Чудовища, не зная чувства опасности или самосохранения, исступлённо бросались на нас, растворялись, сминаемые тяжёлыми копытами, в той вязкой черноте, из которой появились; но всё же, нет‑нет, да успевали нас зацепить. Когти полоснули по моему бедру, зубы впились в горло коня, мерзкая мелкая тварь с изломанными птичьими крыльями впилась в лошадиный бок. Их становилось всё больше и больше; то и дело, пока ещё поодаль, между ними мелькали бледные серые тени духов Привратников, обманчиво отрешённых и сонных.
От крови седло скользило, но конь не сбивался с шага – он не чувствовал боли. Он не чувствовал ничего. Я ломала его инстинкты, ломала чувства, заставляла мчаться вперёд несмотря ни на что; взамен вбирала в себя его боль, его остервенелый животный страх и чувствовала жгучую, как пламя, вину.
Огонёк на вершине башни становился всё ближе, пусть время и пространство и утратили свои очертания. И с каждым шагом, чем ближе к нему, тем мне становилось теплее. Тем чище, яснее становился мой разум, тем свободнее дышалось.
Казалось, я всего лишь моргнула на долю секунды; казалось – лишь на миг отвела взгляд от тёплого рыжеватого пламени впереди, – и перед нами, перед самой лошадиной мордой, вырос, будто всегда там был, серый призрачный силуэт. Артур повернул голову и своими пустыми, блёклыми глазами, без всякого выражения, с пугающим нечеловеческим равнодушием, взглянул прямо мне в лицо. За миг до того, как мчащийся вперёд конь врезался прямо в призрачный силуэт, я, едва осознавая, что делаю, и лишь где‑то на самой грани сознания понимая собственную глупость, натянула поводья и остановила коня, поднимая того на дыбы. Конь вскинулся, забил копытами перед лицом Артура; и, в попытке удержаться в седле, я упустила контроль. Глаза коня потемнели, налились сознанием – и вместе с тем ужасом. Осознав, посреди какого кошмара находится, ощутив подавляемую до сих пор боль, он заметался на месте и, не найдя выхода, сперва забил крупом, а затем снова поднялся на дыбы. И я не удержалась в скользком от дождя и крови седле.
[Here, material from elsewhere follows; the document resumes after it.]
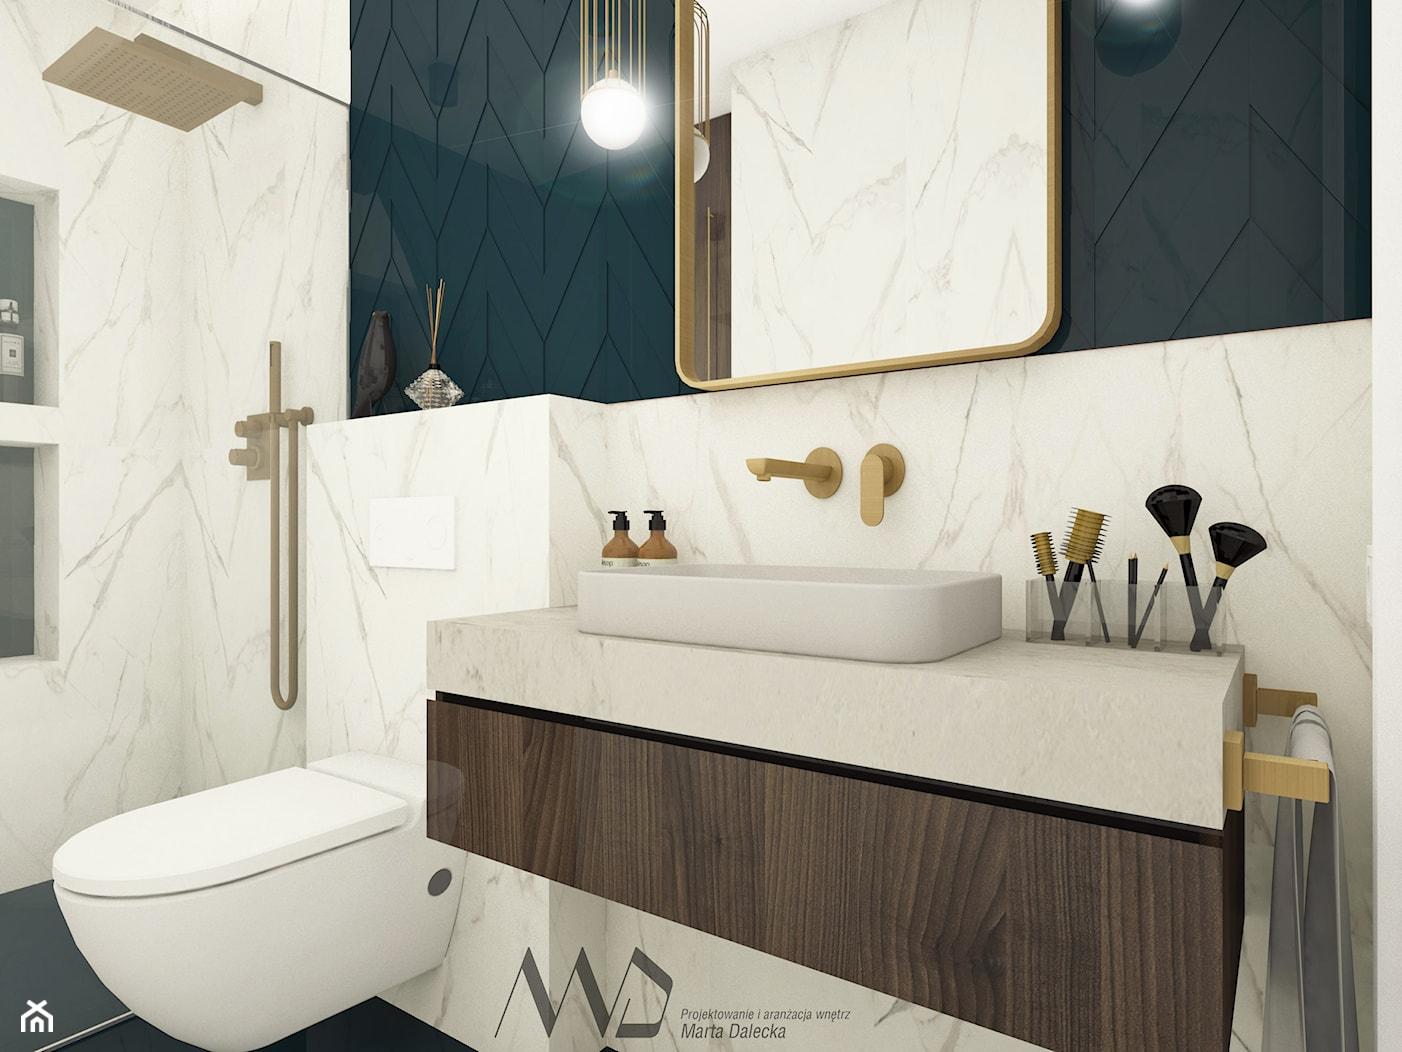 Nowoczesna, elegancka łazienka - zdjęcie od Projektowanie i Aranżacja Wnętrz Marta Dalecka - Homebook

Я рухнула ему под копыта, подняв брызги чёрной жижи, и едва успела сгруппироваться и откатиться в сторону. Тяжёлое копыто фермерской скотины опустилось едва ли в десятке сантиметров от моей головы, обдало меня чёрными каплями, а затем конь, освободившись от своей ноши, метнулся в сторону и в мгновение ока растворился в темноте. Остатками сил я потянулась на звук удаляющегося ржания, но ощутила лишь слабый, тут же оборвавшийся отзвук живого тепла.
Твари вокруг опасно затихли, словно хищник в засаде, и медленно, одна за одной, разворачивались в мою сторону. Призрак Артура сделал шаг ко мне, а за его спиной неистово ярко, обещая тепло, безопасность, спасение, пылал недостижимый огонь дозорной башни.
Отползая спиной назад и не отрывая взгляда от мёртвого призрачного лица, хлюпая руками и ногами в чёрной жиже, я вытянула перед собой ладонь – и на кончиках пальцев затрепетали огоньки. Крохотные искорки, они сплетались в центре ладони в водоворот огня.
– Мне так жаль, Артур, – прошептала я. Даже понимая, что он не поймёт и не услышит меня, что моё сожаление не имеет никакого смысла, я извинялась, ощущая неконтролируемый болезненный ужас от того, что собиралась сделать.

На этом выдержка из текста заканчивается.